Zulawski's unorthodox staging of Modest Mussorgsky's proto-Modernist Russian opera masterpiece chronicles the reign of the brutal 16th-century tsar (Raimondi, bass)- from his coronation through his brief but tumultuous tenure marked by political intrigue, backstabbing, and assassinations. With a cinematic dynamism via his endlessly roving kino-eye, Zulawski amps up the work's politics in rich theatrical settings. A project taken over from the dying Andrei Tarkovsky, proves that where the Russian master would have sought spirituality, Zulawski found the body and a contemporary metaphor on the pain inflicted onto the people by their ruling despotic psychopaths (Piotr Kletowski).  

La note bleue (Blue Note) France, Germany 1991, 135 min
With Janusz Olejniczak, Marie-France Pisier, Sophie Marceau.

In 1846 fragile Fryderyk Chopin spends his holiday in the country (Nohant)- in the company of such artistic luminaries as painter Eugene Delacroix and Russian writer Ivan Turgenev- where he rather awkwardly finds himself the object of Solange Sand's (the daughter of his lover, George) romantic advances. With sumptuous period costume and sets and the ethereal music of Chopin floating dreamily in and out, this is Zulawski's lightest and most conventionally beautiful - though by no means conventional - film.

Szamanka (The Shaman) Poland 1996, 100 min
With Iwona Petry, Boguslaw Linda.

Anthropology professor Michal (Linda) meets a nameless student (Petry), ostensibly a pizza maker extraordinaire referred to simply as the Italian. His escalating obsession with the feral young woman is matched only by his fascination with the body of a perfectly preserved 3,000-year-old shaman. Audacious, mystical, transgressive and sexually explicit enough to rival Oshima's In the Realm of the Senses, The Shaman culminates in an apocalyptic disturbing finale.

La fidélité (Fidelity) France 2000, 165 min
With Sophie Marceau, Pascal Greggory, Guillaume Canet.

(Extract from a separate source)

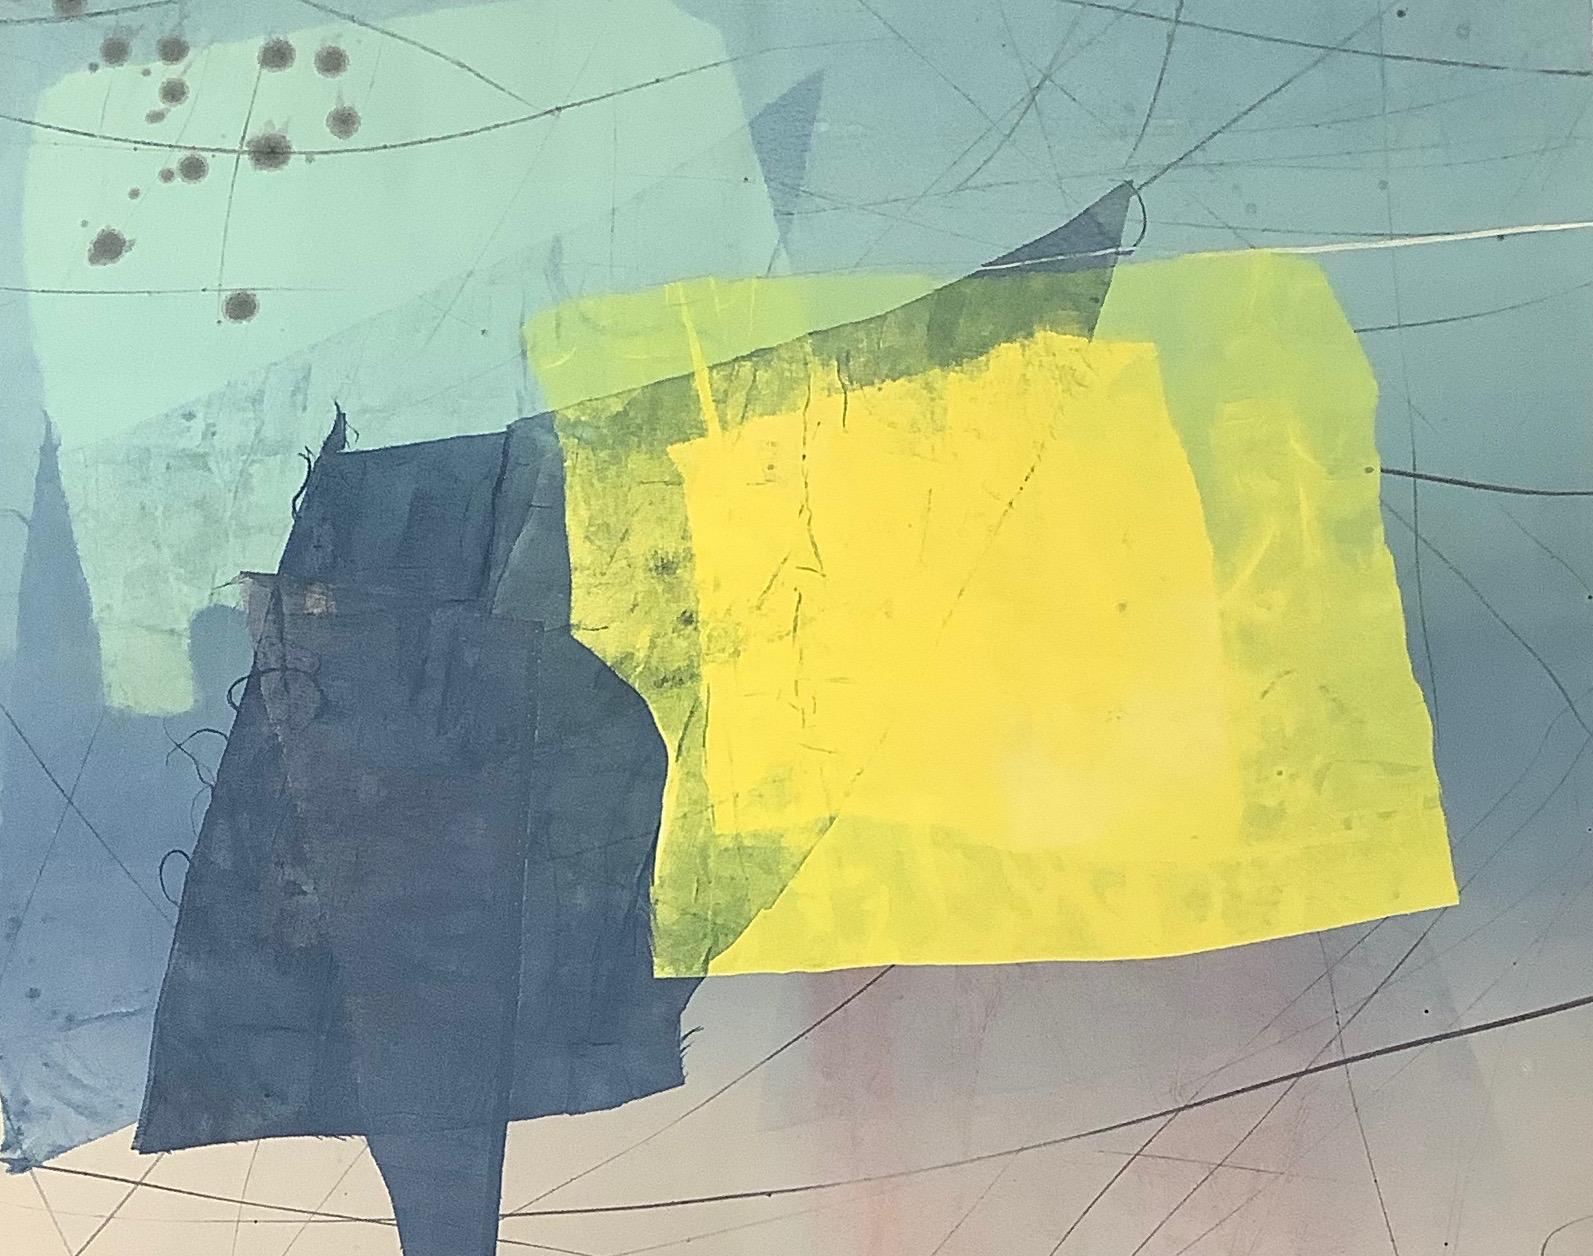 This is a monotype print, a unique print with no other editions. This monotype on delicate Asian paper layers geometric shapes in yellow, teal and navy blue on a background that transitions from gray to light blue.

Available unframed, please

Photographer Cielia's (Marceau) artsy shots incur the ire of her tabloid editor, as she struggles to remain faithful to her husband in the face of an overpowering attraction to another man. Zulawski's take on the 17th-century novel La Princesse de Clèves is relatively restrained and hopeful. A showstopping performance by Marceau matches the operatic-grandeur of Isabelle Adjani in Possession and Romy Schneider in That Most Important Thing: Love.

SHORTS:

Pavoncello Poland 1967, 29 min
With Joanna Kasperska
, Stefan Friedmann.
In 1912 a sick old man takes his  flirtatious wife to Italy in the hopes that she might give him an heir-and young violinist Pavoncello is only too happy to offer his services. Zulawski's debut short is inspired by a story by Polish writer, Stefan Zeromski.

The Song of Triumphant Love (Piesn trumfujacej milosci) Poland 1969, 29 min
With Beata Tyszkiewicz, Piotr Wysocki.
Based on a Turgenev story, this macabre romance details an all-consuming passion that transcends the material realm - a conceit Zulawski would take to new extremes nearly a decade later in Possession. The director's first TV feature which opened the door for The Third Part of the Night.